Naming Wideman as the league's top defender when he wasn't even considered the best blueliner on his team by the All-Star selection committee might make this seem this an out-of-left-field choice. But we can all agree that a particular league process is open to some second guessing, can't we? I mean, Mike Modano over Loui Eriksson? When will Ashton Kutcher pop out?

Look, Zdeno Chara has the reputation as the tower of power in Boston's zone, but the truth of it is that Wideman has been the best all-around defender on the league's best defensive team from Day One. Acquired from St. Louis in exchange for Brad Boyes in one of those rare deals that benefited both sides, Wideman has matured from a mistake-prone puck fumbler into an exceptional two-way player in just two years. The numbers back it up. Logging nearly 26 minutes a night, Wideman has 27 points and is a plus-24. The only thing hampering his candidacy is a lack of recognition. That starts to change right here.

Despite the injury bug (Milan Lucic, Phil Kessel, Marco Sturm, Patrice Bergeron, etc, etc.) that has plagued them, the Bruins keep on kicking, with a 10-point lead on Washington in the East, and are 6-3-1 in the month of January.

Ross McKeon, of Yahoo! sports, writes: “Nothing against the marvelous story unfolding in Boston, the glorious young talent in Washington, Chicago and Pittsburgh and the gritty efforts put forth in Calgary, Anaheim and Philadelphia, but the Stanley Cup will land in either San Jose or Detroit at postseason’s end. It’s really that simple.”

On Feb. 10, old friend Joe Thornton and the Sharks show up at the Garden for what’s going to be the most highly anticipated game of the regular season. And while it might not go a long way toward supporting McKeon’s claim, it certainly could at the least give us a glimpse of what to expect around these parts come…June. June?

Nope. Not going there. Not yet anyways.
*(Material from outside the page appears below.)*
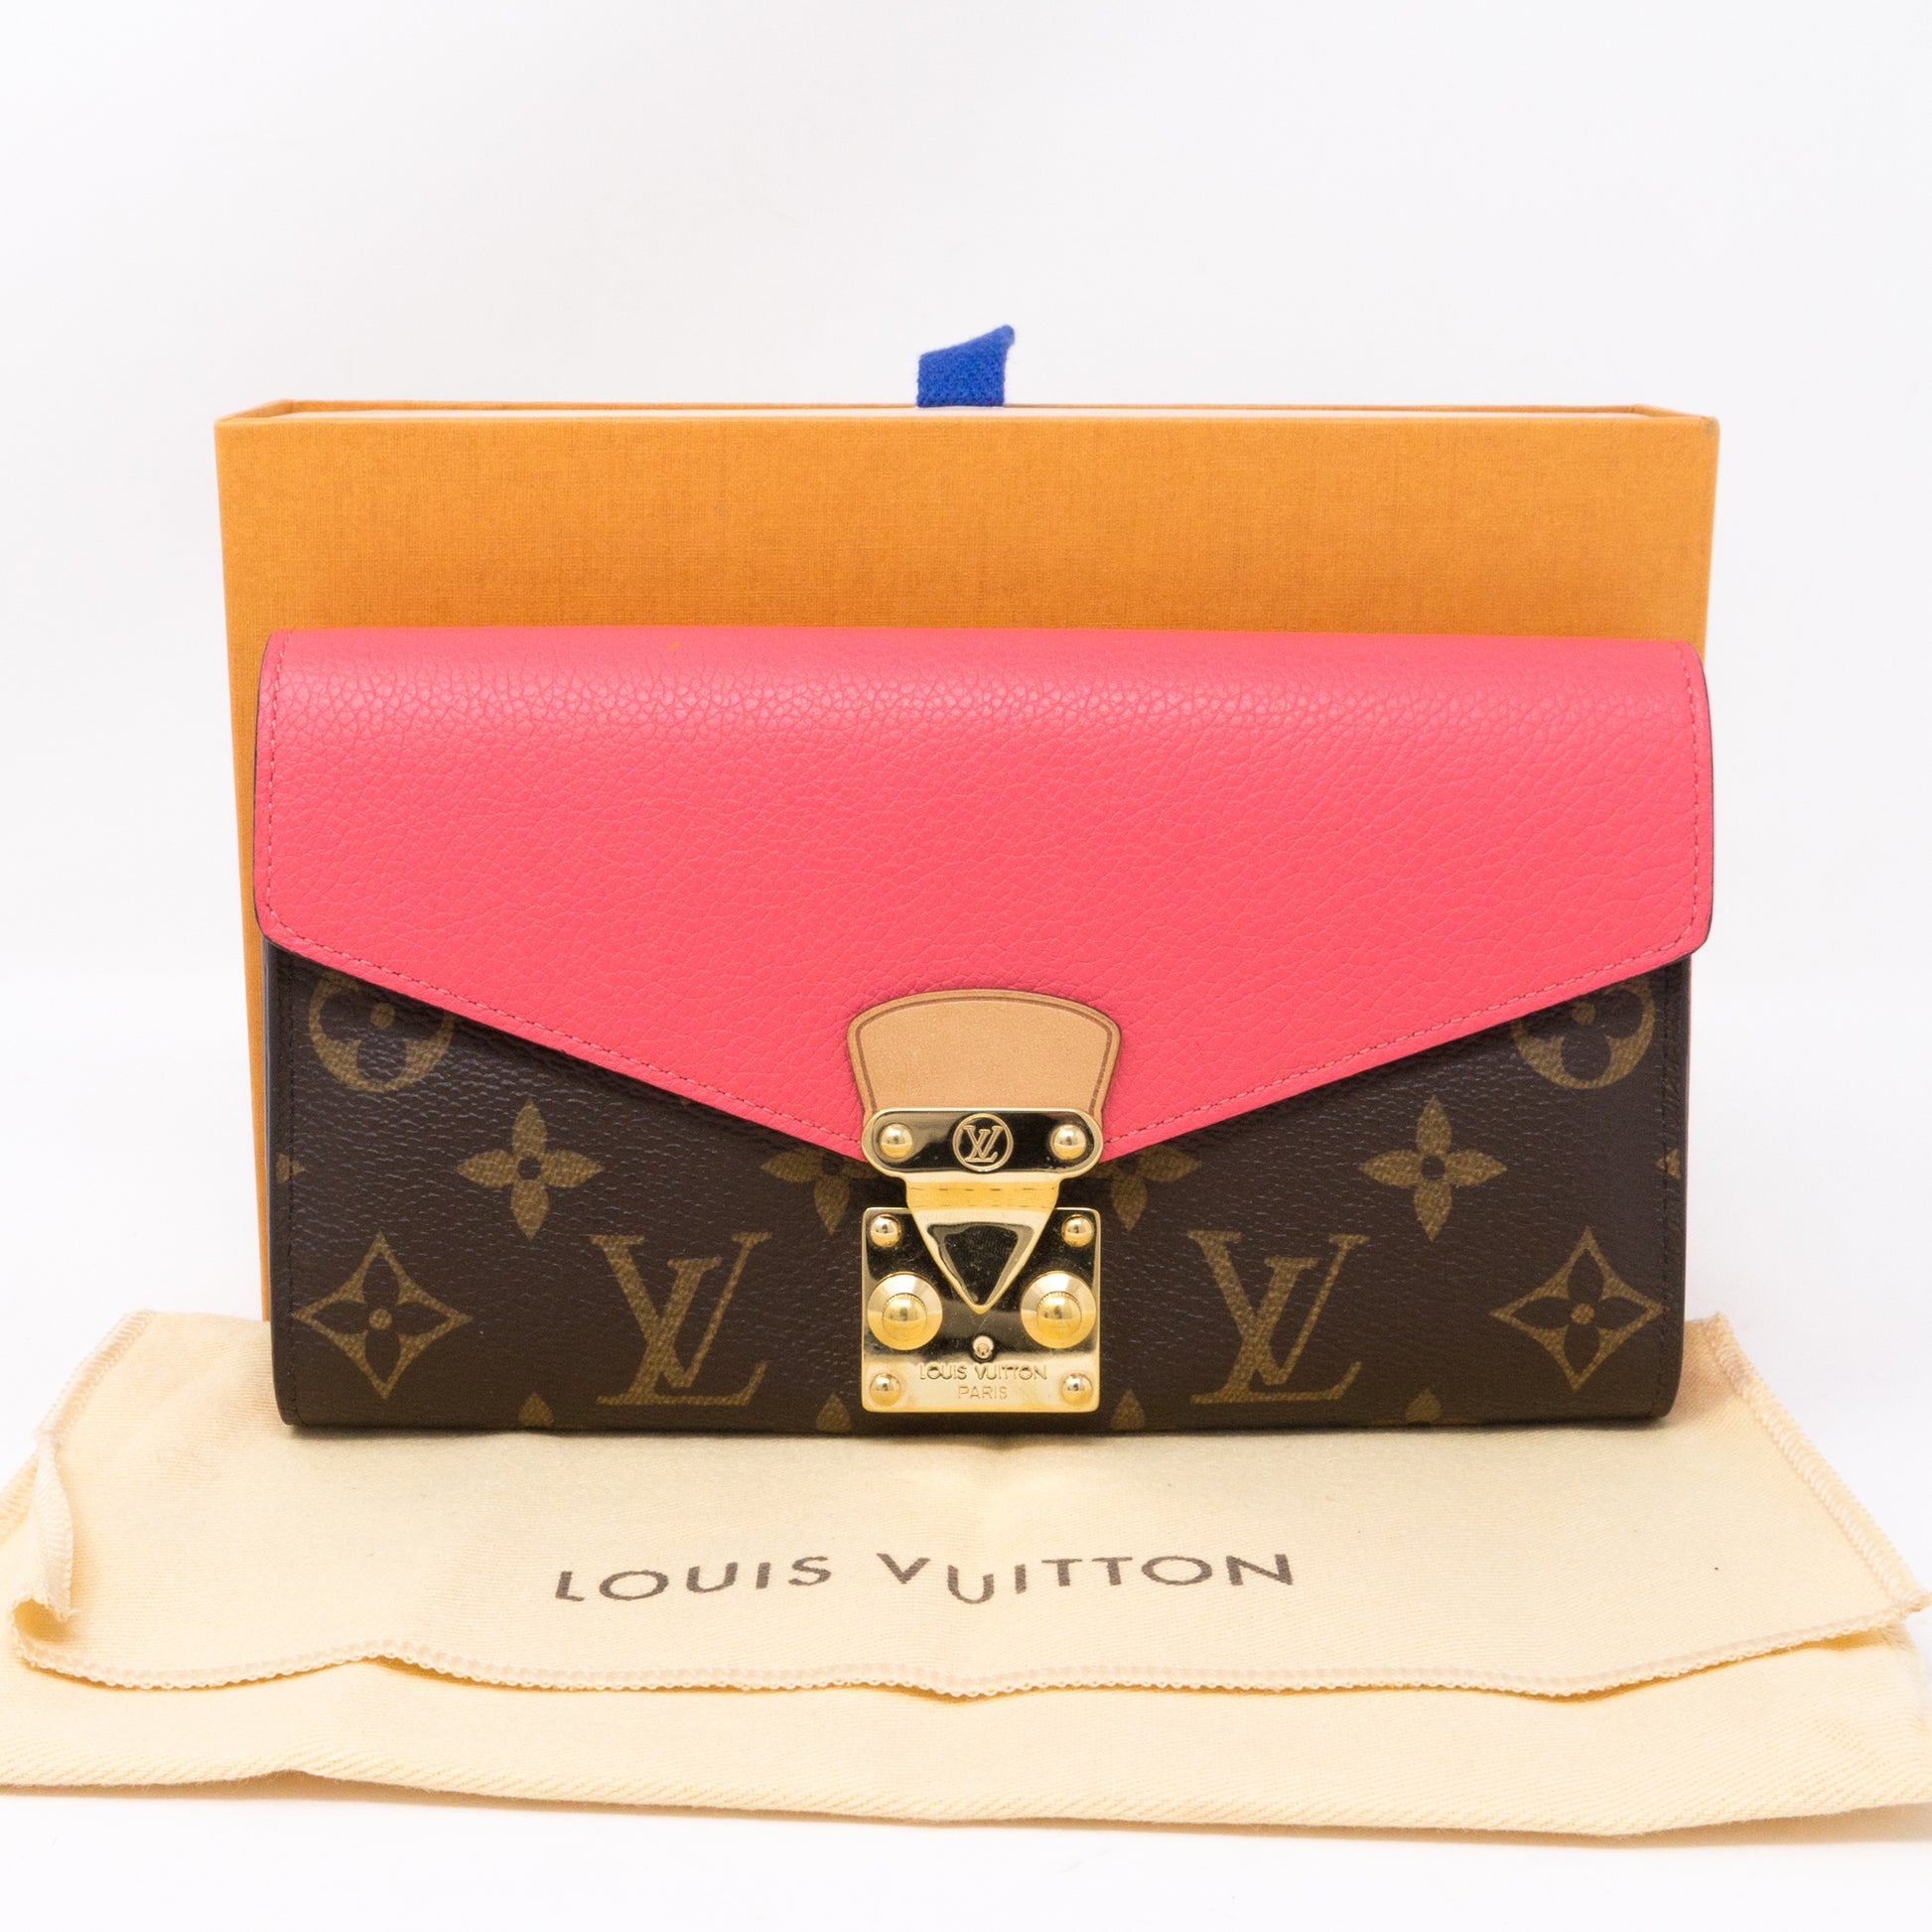 Louis Vuitton - Authenticated Pallas Wallet - Leather Brown for Women, Good Condition
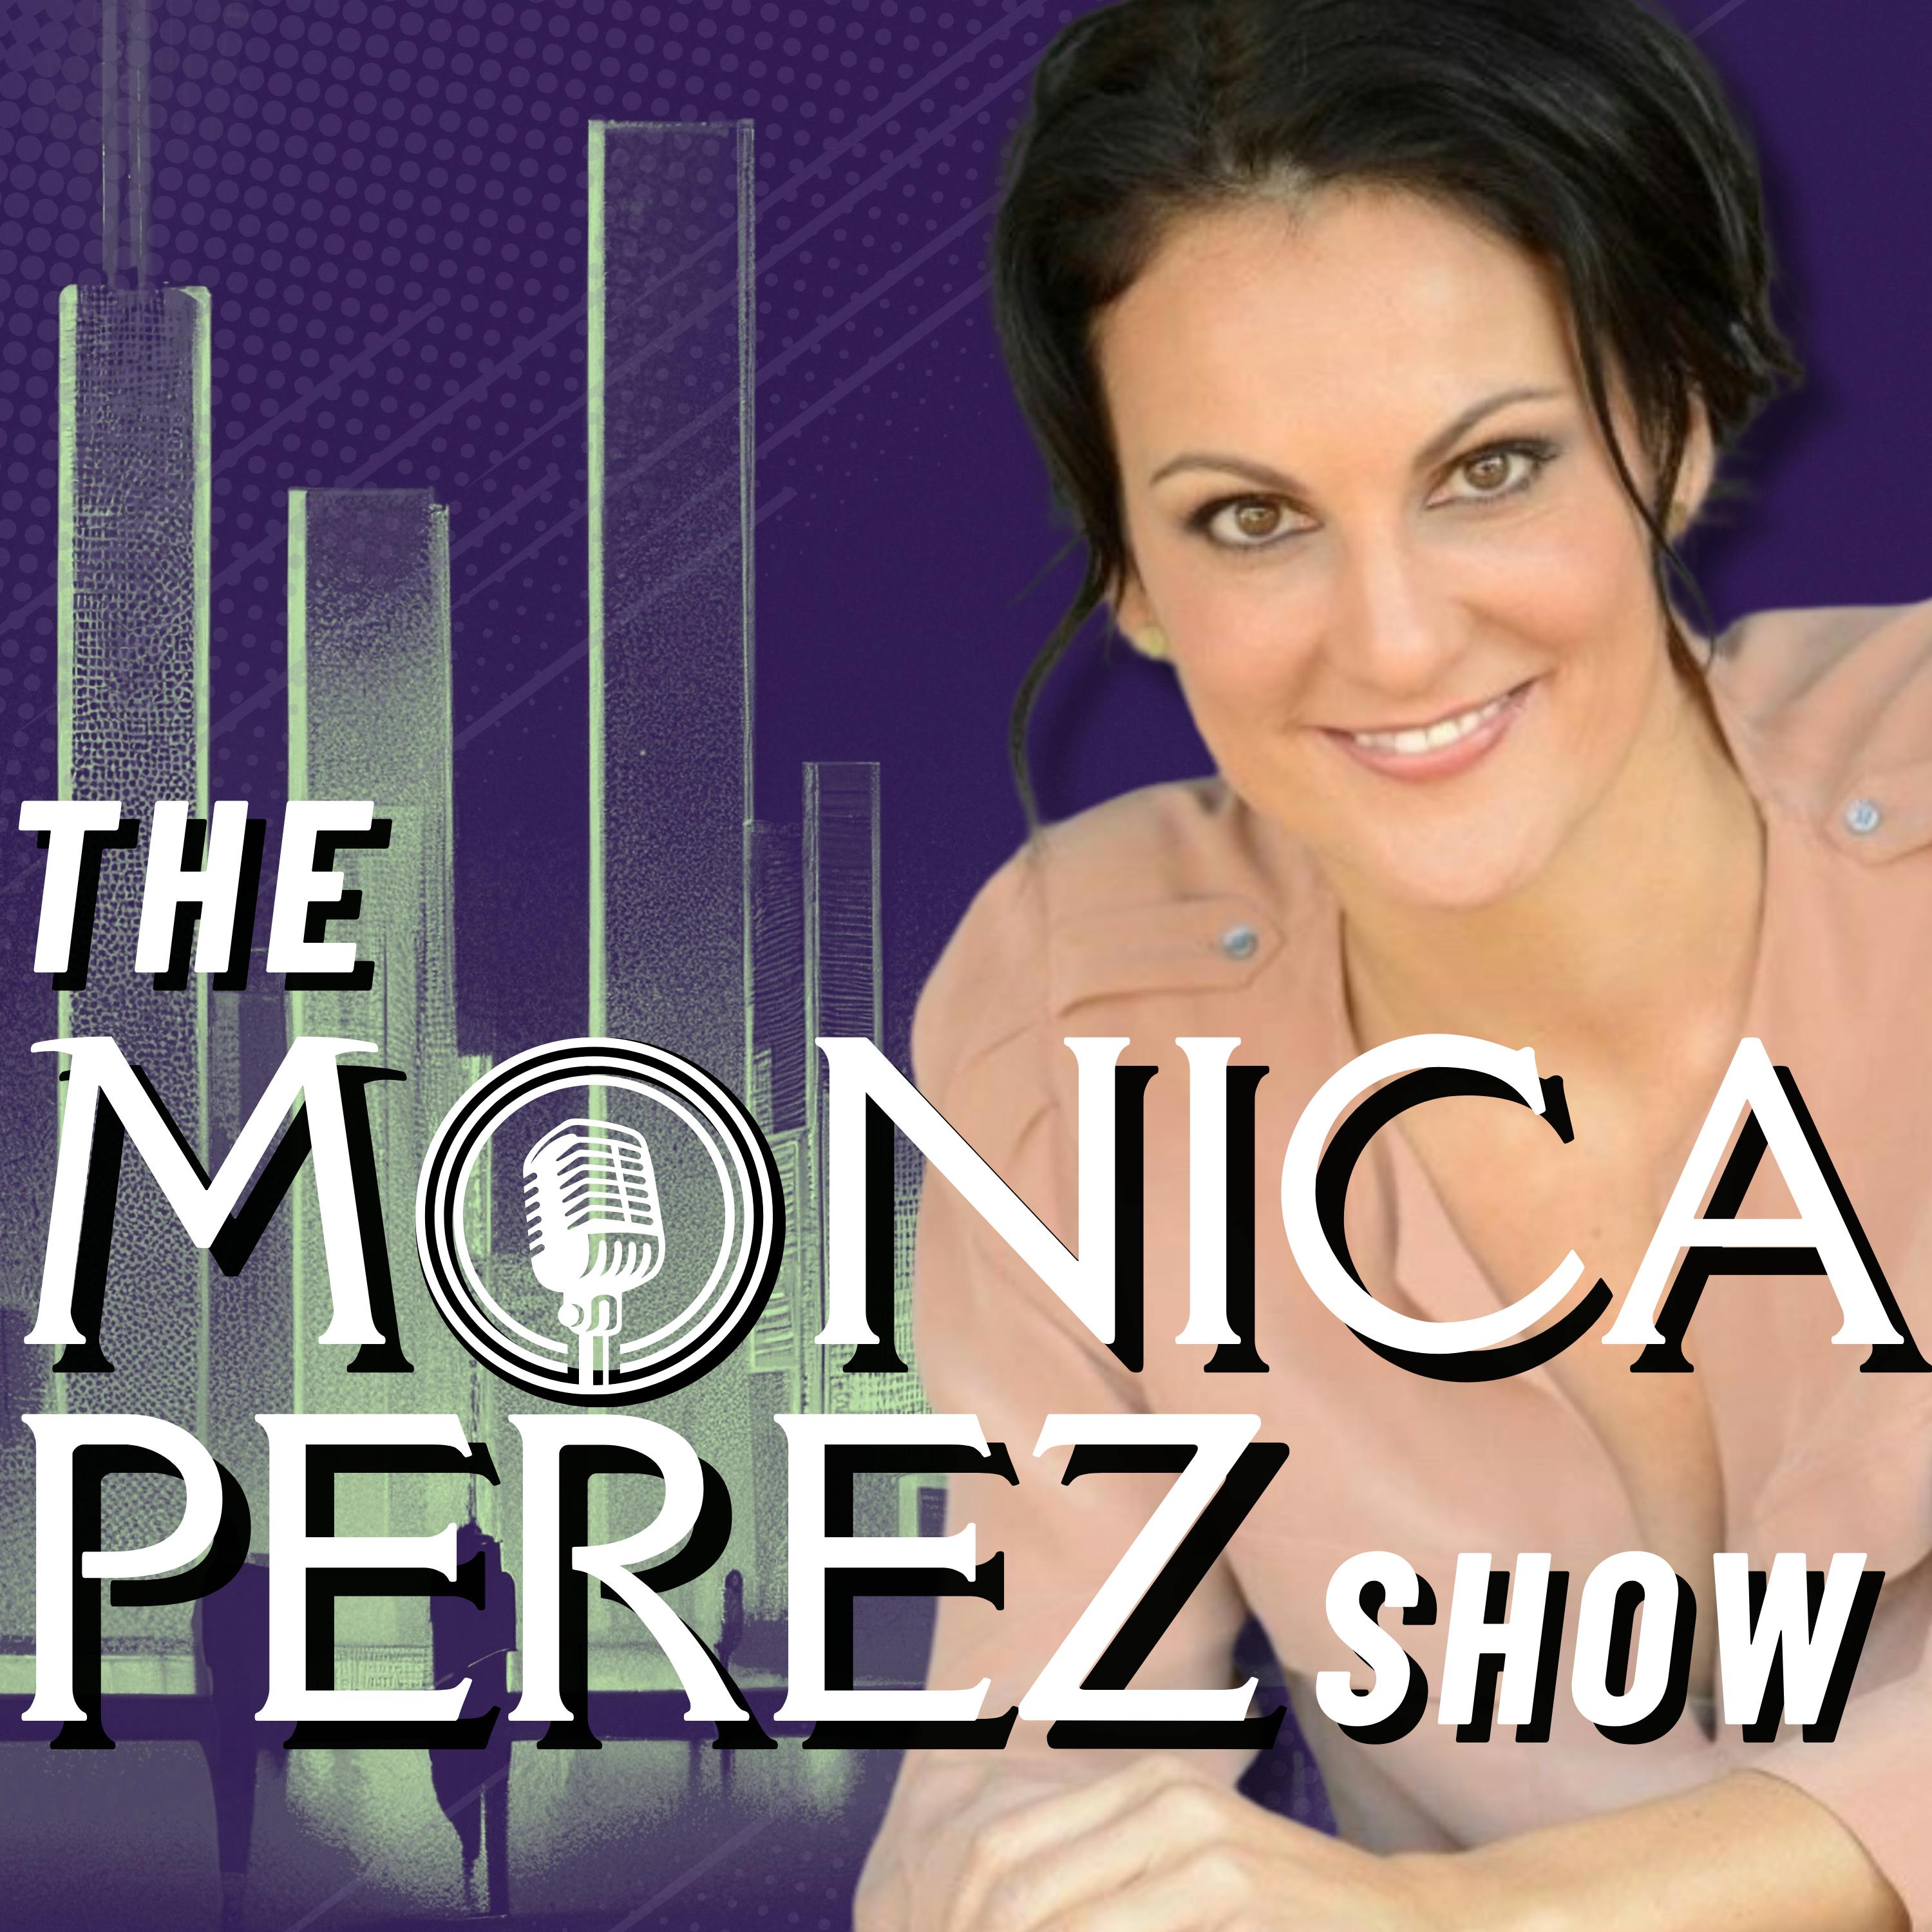 A Conversation with James Delingpole - The Best of the Monica Perez Show

After 10 years, you sort of learn to whisper about those things when the time is right.

Well, feel free to whisper. Just, really, keep it down, will ya?

2 comments so far...
  1. The younger Bruins did gain some valuable experience last season despite losing to the Toilet Bowl Lids. Players like Kessel, Lucic, and Krejci I think will flourish in the postseason. As long as the defense keeps to its stingy and tight ways, to go with marvelous goaltending, the Bruins will come out winning more of the 3-2 or 2-1 scores most common in the playoffs. A commonly overlooked trait of this team right now is it's calmness- even when down (i.e. when Toronto led 3-1 last night) - which is how good teams continue winning and persevering in tough circumstances. The mix of veteran leaders like Chara, Savard, and Axelsson combined with "The Kids" should equal more good Bruins hockey to come.

    Posted by Pete Albert January 22, 09 07:01 PM
  1. Eric,

    No curse exists on the Bruins so we don't need to whisper, THEY ARE GOOD!

    Add to that well coached with a great mix of young and veteran talent, remind allot of the "04 Red Sox dare I say....everyone stepping up when needed. It is amazing given the injuries to key components that they keep on rolling and keep pace with those San Jose Sharks (let's not crown Jumbo Joe with a cup just yet).

    Goaltending, defense and the ability to move the puck make this year different than rrecent or not so recent teams.....when was the last season you felt confident that the Bruins could maintain possesion during a power play, yet alone score with any efficiency? Gifted young talent gets us there.

    Hats off to Peter Chiarelli ad the coaching staff of the Providence Bruins over that past few years....keep rolling out the kids.